The old style reservoir foams the fluid. Punching a hole in the screen at the bottom of the old style reservoir, running the motor for a minute or two and then flushing the fluid will solve the noise problem.

HOW I GOT TO THE INFO ABOVE.

I pulled the return line from the reservoir, added a line extension and ran that to an empty milk jug. I turned the car on and the pump did its job. In a few seconds about a pint was in the jug. I turned the steering wheel with the front tires off the ground and a bit more fluid came out. I then added in some new fluid to flush the system. When that appeared clean, I attached the extended return line to the reservoir and filed with new fluid. A quick start up drained the reservoir, so I topped it up and noticed that as the fluid level came up, the noise started up again. I also noticed that the fluid was nicely foamed in the clear section of hose I used to extend the return line. Having read the TSB and the "replace the reservoir" repair, I drained the system again and more closely examined the reservoir.

I checked the reservoir for debris and noticed a few bits here and there. Having built several race motors I knew that most of the little bits of metal are released in the first few hours of break in, so I felt comfortable putting a hole in the screen after I rinsed what I could out of the reservoir. I put the second batch of fluid back in the system as another flush. Once it ran through the system with a few turns lock to lock, I disconnected the return line and drained that fluid again. I put it all back together (I had rigged it up with the reservoir on top of the motor) and put new fluid into the reservoir, turned the car on then quickly off, topped off the reservoir and ran the motor again with another couple turns lock to lock. I then turned the motor off and added a bit more fluid until I was at the top level. I then washed the motor as I was unable to do all of this without making a mess. A couple of ounces is a mess for me.
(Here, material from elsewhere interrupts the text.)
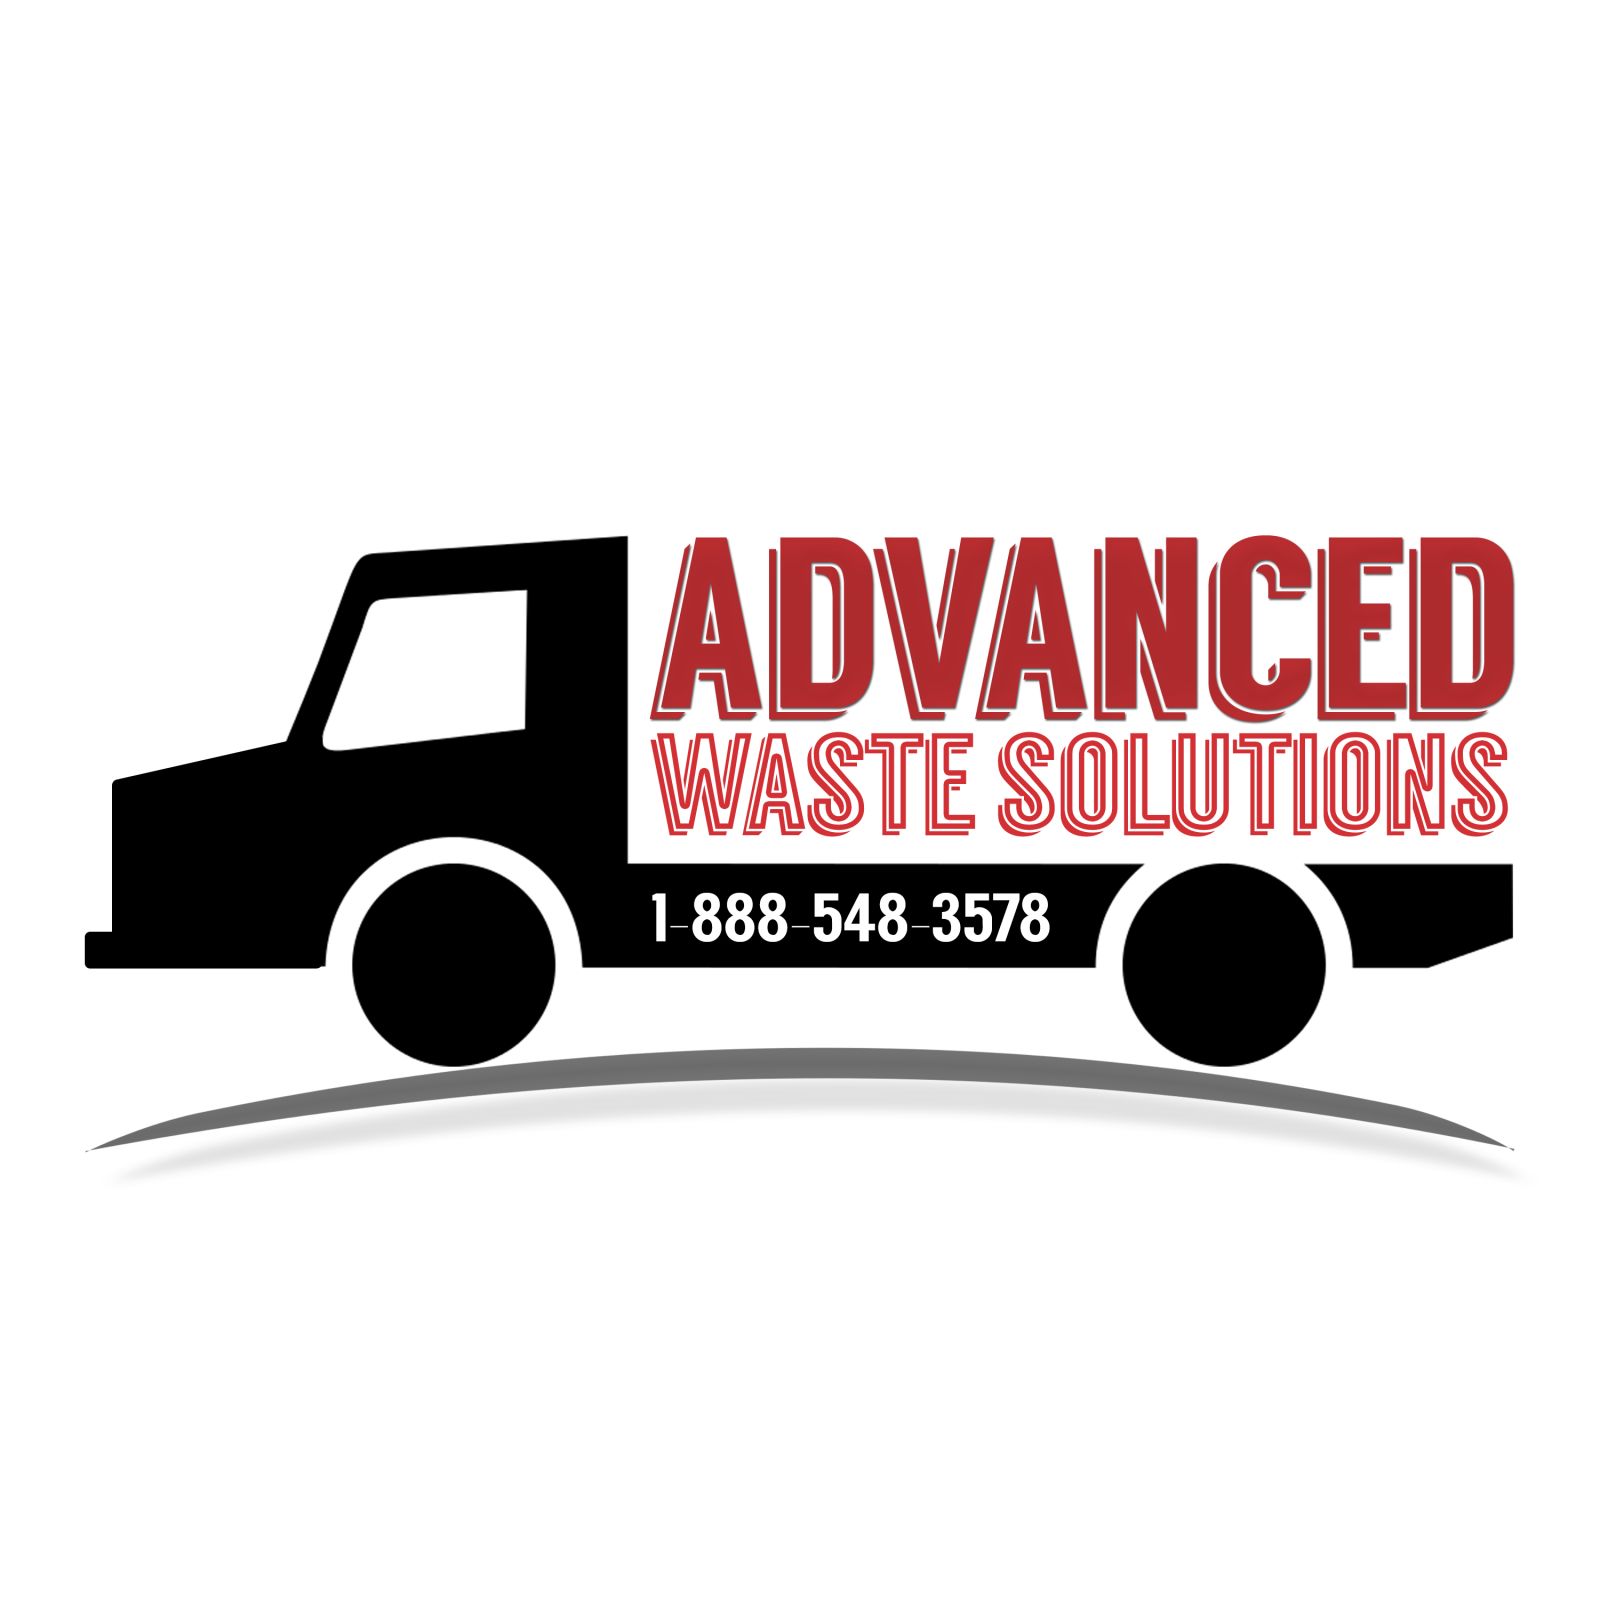 Advanced Waste Solutions's Image

I understand some concerns about putting a hole in the filter. Some systems don't have filters at all and my belief, right or wrong, is that foamed fluid does not protect as well as mildly dirty fluid. Had I replaced the pump, I would have used a screened reservoir at least for the first few hours of operation. My quick test of the pump (running the reservoir's return line into a milk jug) told me that the pump was in good shape.

I hope that helps and I hope I have not duplicated what someone else figured out before I did. :)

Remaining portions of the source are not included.